En outre, l'équité commande de la condamner à verser aux appelants la somme de 5 000 euros pour les frais exposés en première instance et en appel non compris dans les dépens en application de l'article 700 du code de procédure civile.
Dès lors que les appelants ne sont pas tenus aux dépens, le syndicat des copropriétaires sera débouté de sa demande formée sur le même fondement à leur encontre.

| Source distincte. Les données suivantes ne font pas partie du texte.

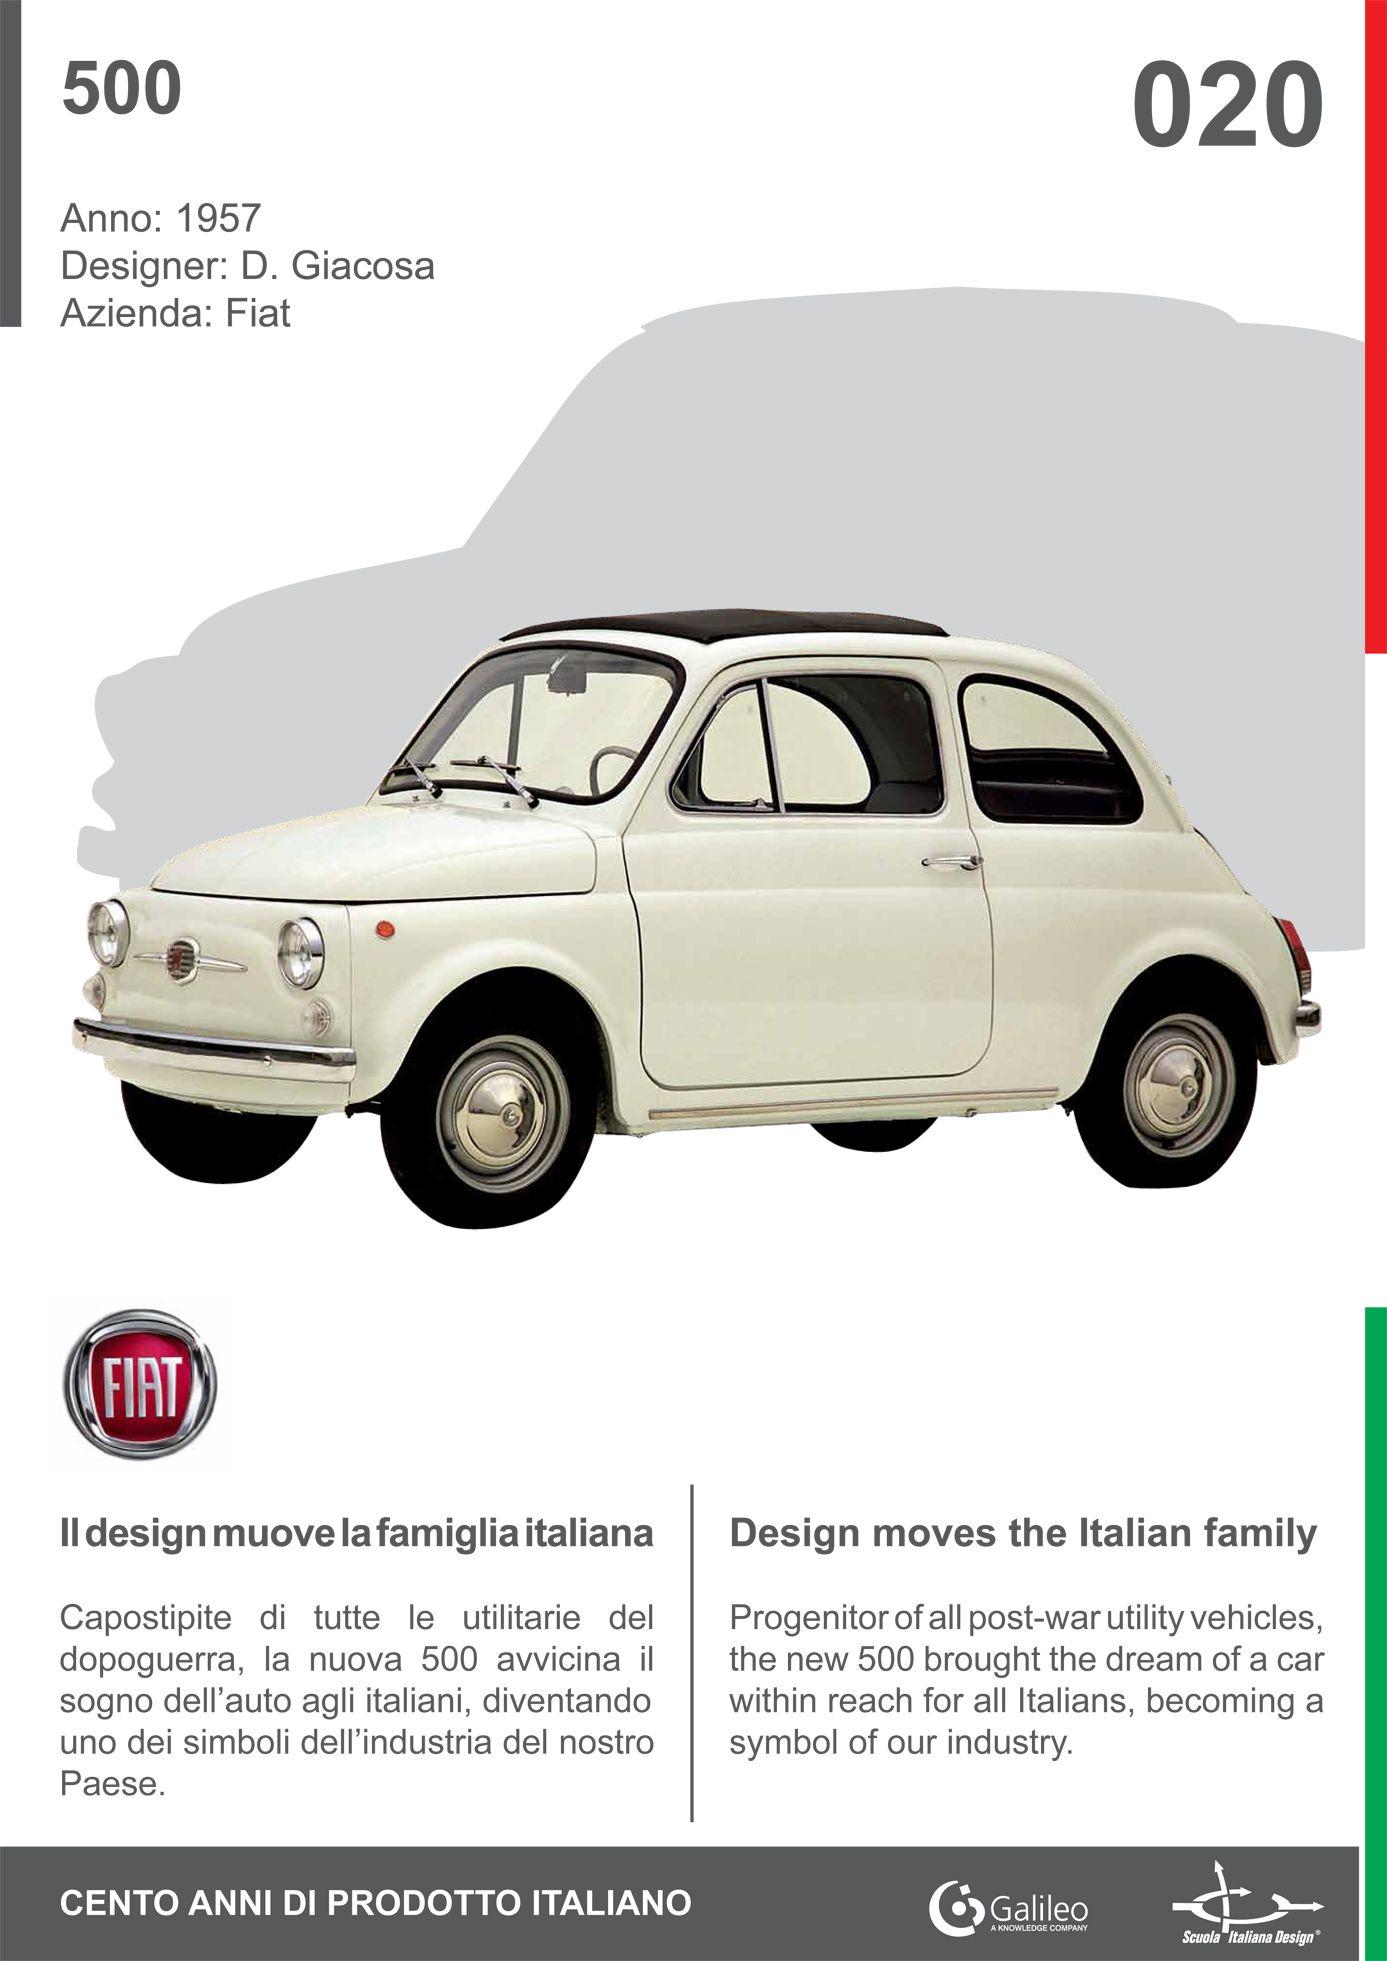 500 by fiat 1957 italian design history car automotive 500 by fiat 1957 italian design history car automotive biocorpaavc Choice Image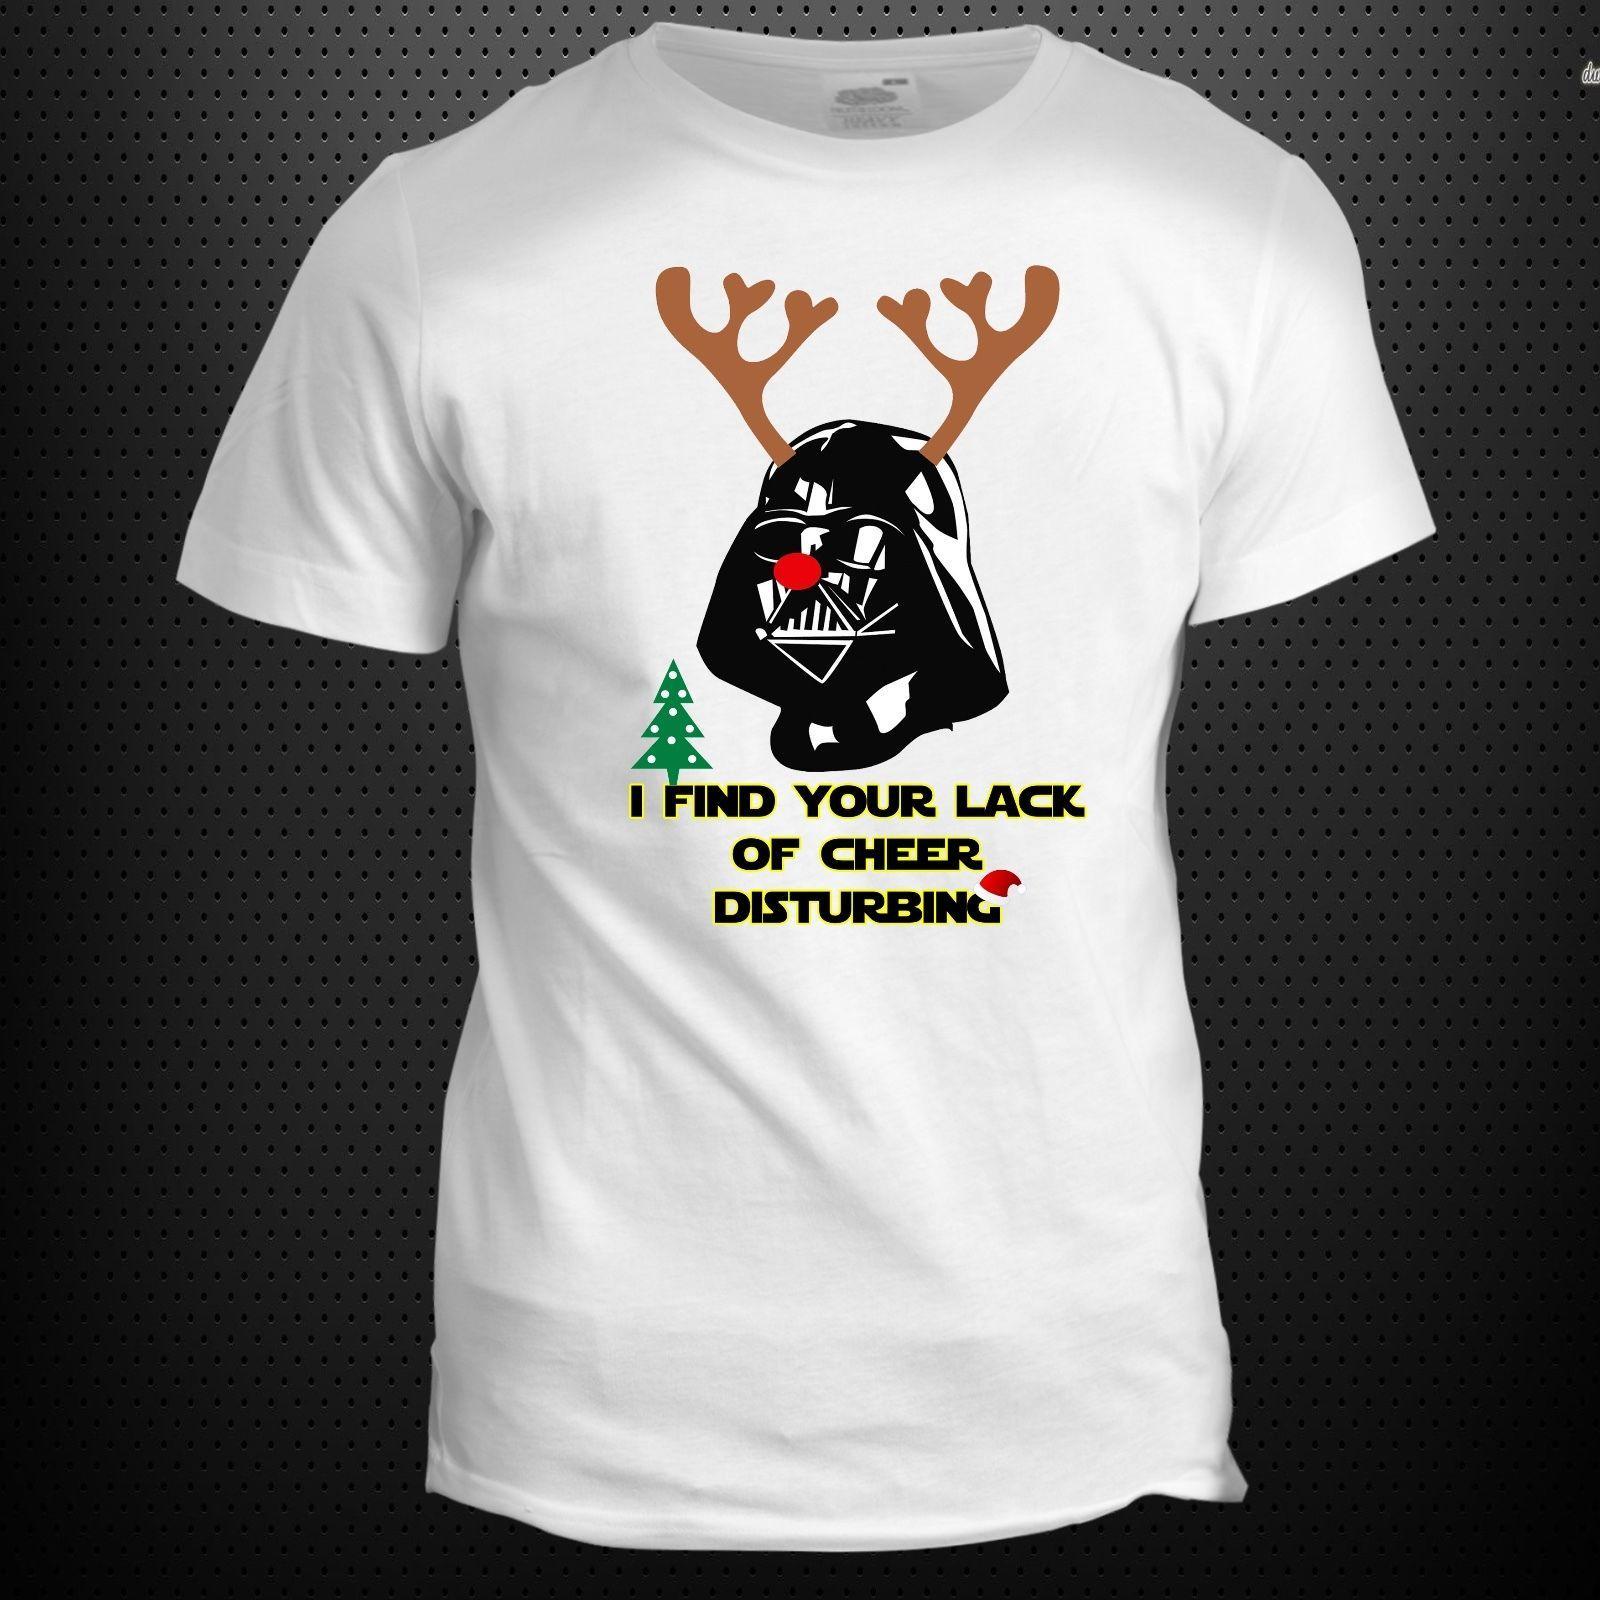 f8937a3c Christmas Xmas Stocking Filler Present Gift Secret Joke Funny Santa T Shirt  T Shirts T Shirts T Tee Shirts From Designtshirt, $11.17| DHgate.Com

Il en est de même de Mme [E] en tant que partie tenue aux dépens.
PAR CES MOTIFS
La cour,
Infirme la décision entreprise en toutes ses dispositions sauf en ce qu'elle a rejeté la demande de sursis à statuer formulée par Mme [Y] [E] dans l'attente de la décision de la cour d'appel d'Aix-en-Provence, saisie de l'appel interjeté contre le jugement du tribunal judiciaire de Grasse du 7 septembre 2024 ;
Statuant à nouveau et y ajoutant,
Déboute Mme [Y] [E] de sa demande tendant à voir supprimer pour le passé l'astreinte ordonnée par le juge des référés du tribunal judiciaire de Grasse dans son ordonnance rendue le 1er juin 2022 ;
Liquide l'astreinte ordonnée par le juge des référés du tribunal judiciaire de Grasse dans son ordonnance rendue le 1er juin 2022 à la somme de 210 000 euros ;
Condamne Mme [Y] [E] à payer la somme de 210 000 euros à la SCI Soleau Invest et M. [R] [J] ;
Déboute la SCI Soleau Invest et M. [R] [J] de leur demande tendant à voir prononcer pour l'avenir une astreinte définitive d'une durée d'un mois ;
Assortit l'injonction faite à Mme [Y] [E] de rétablir l'électricité par le juge des référés du tribunal judiciaire de Grasse en date du 1er juin 2022 d'une astreinte provisoire journalière de 500 euros ;
Dit que cette astreinte commencera à courir quinze jours après la signification du présent arrêt et courra pendant une durée de 6 mois ;
Déboute la SCI Soleau Invest et M. [R] [J] de leur demande de dommages et intérêts ;
Condamne Mme [Y] [E] à verser à la SCI Soleau Invest et M. [R] [J] la somme de 5 000 euros pour les frais exposés en première instance et en appel non compris dans les dépens en application de l'article 700 du code de procédure civile ;
Déboute Mme [Y] [E] de sa demande formée sur le même fondement ;
Déboute le syndicat des copropriétaires [Adresse 3], représenté par son syndic en exercice, de sa demande formée sur le même fondement ;
Condamne Mme [Y] [E] aux dépens de première instance et d'appel, avec distraction au profit de Me Romain Cherfils, membre de la SELARL LX Aix-en-Provence, avocat associé aux offres de droit.